Records Toolkit

Archives New Zealand’s guidance on information and records management

The Importance of Checksums

Posted by Archives New Zealand on 22 June 2017

checksums

In the light of the recent interest in checksums, here is a revised version of the blog originally published last year.

As we increasingly work in the digital world there are new areas of work for information and records managers. We need to understand our organisation’s capability to participate in these. Archives New Zealand is working towards being able to accept born-digital records and fundamental to this is the ability to produce checksums.

A checksum is a string of numbers and letters that act as a fingerprint for a file against which later comparisons can be made to detect errors in the data. They are important because we use them to check files for integrity.

Our digital preservation policy uses the UNESCO definition of integrity.

“Digital content is information encapsulated in one or more digital objects. Within this context, integrity of a digital object is the quality of its content remaining ‘uncorrupted and free of unauthorized and undocumented changes’” (National Library of Australia/UNESCO. (2003). Guidelines for the Preservation of Digital Heritage. Retrieved from http://unesdoc.unesco.org/images/0013/001300/130071e.pdf

Checksums are useful when moving files from one environment to another (e.g. validation after migration); for regularly checking the integrity of files managed in a system (where you expect the file content to remain unchanged over time); and also when working with files to uniquely identify what we are working with.

Checksums will bridge the gap, quite literally, between the organisation and permanent preservation at Archives New Zealand during transfer or deposit. A file must remain unchanged from the duplicate in your Content Management System when you extract it. We will attempt to prove that unchanged state when we store it in the Archives New Zealand digital repository. An exception procedure triggers if anything unexpected has happened. Use of checksums is also relevant for local authorities managing digital protected records.

The actual procedure which yields the checksum is called checksum generation. A generation uses one of a collection of checksum functions or algorithms. These algorithms usually output a significantly different value even for the tiniest of changes to the data. So, checksums ensure a corrupt-free transmission. They also indicate when the file has been tampered with; an important by-product of integrity is security.

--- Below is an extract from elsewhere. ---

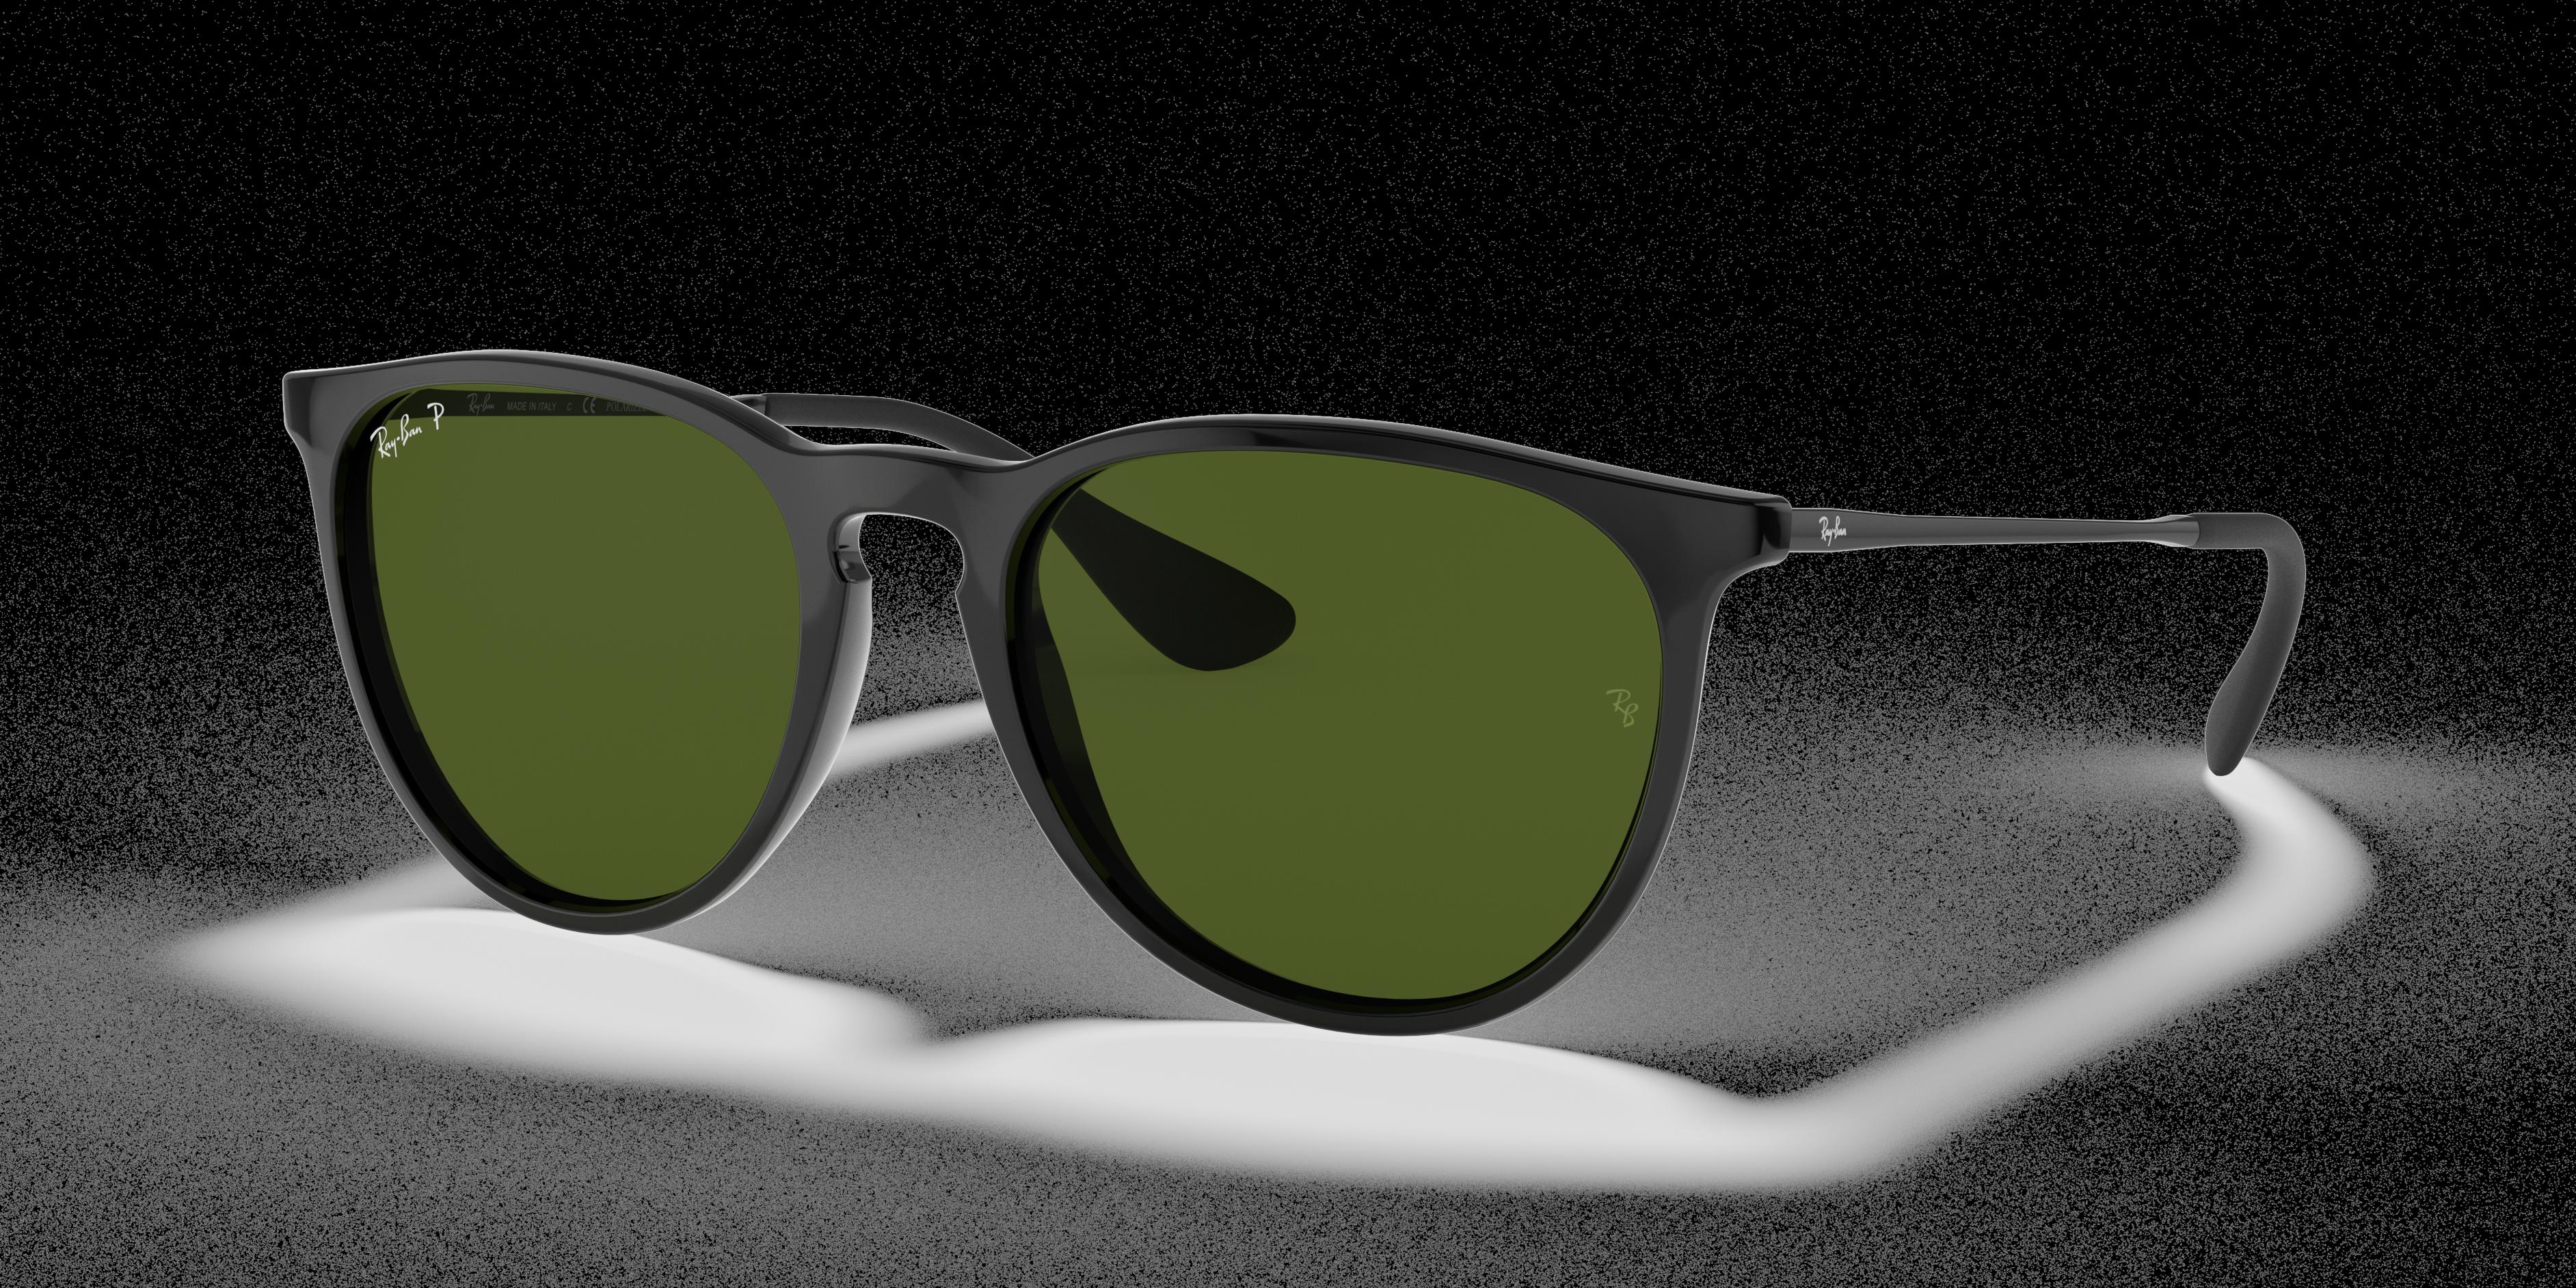 Ray-Ban Erika Classic Black, Polarized Green Lenses - RB4171

We need to monitor checksums throughout the transfer or deposit lifecycle. There are two important points where we must guarantee integrity. Firstly, when we receive the files (including checksums) from your organisation and compare them to a new checksum output that we create. Secondly, when we deposit the files into the permanent repository and check them against the original transfer sent to us by your organisation. Once in the Archives New Zealand repository, we will continue to monitor the checksums to ensure the files remain unchanged in perpetuity.

Checksums can be generated and validated with many tools. Below is a list of some open source tools for your convenience:

Tool

Operating   System

Generate

Validate

URL

Free   Commander

Win

Yes

Yes

http://freecommander.com/en/downloads/

Double   Commander

Win
Linux
MacOS

Yes

Yes

https://sourceforge.net/p/doublecmd/wiki/Download/

DROID

Win
Linux
MacOS

Yes

 No

http://www.nationalarchives.gov.uk/information-management/manage-information/preserving-digital-records/droid/

AVPreserve   Fixity

Win
MacOS

Yes

Yes

https://www.avpreserve.com/tools/fixity/

Checksum-comparator

Win
Linux

No

Yes

https://github.com/exponential-decay/checksum-comparator

Spreadsheet   (LibreOffice)

Win
Linux
MacOS

No

Yes

https://www.libreoffice.org/download/download/  

SHA1SUM,   MD5SUM commands

Linux

Yes

Yes

Use in   a command line

Online   MD5 generator

Win
Linux
MacOS

Yes

No

http://www.md5.cz/

Further reading

Digital Preservation Coalition (UK) – Fixity and Checksums. Contains further reading and links to other tools.http://www.dpconline.org/handbook/technical-solutions-and-tools/fixity-and-checksums

There are many other tools out there and many internet links!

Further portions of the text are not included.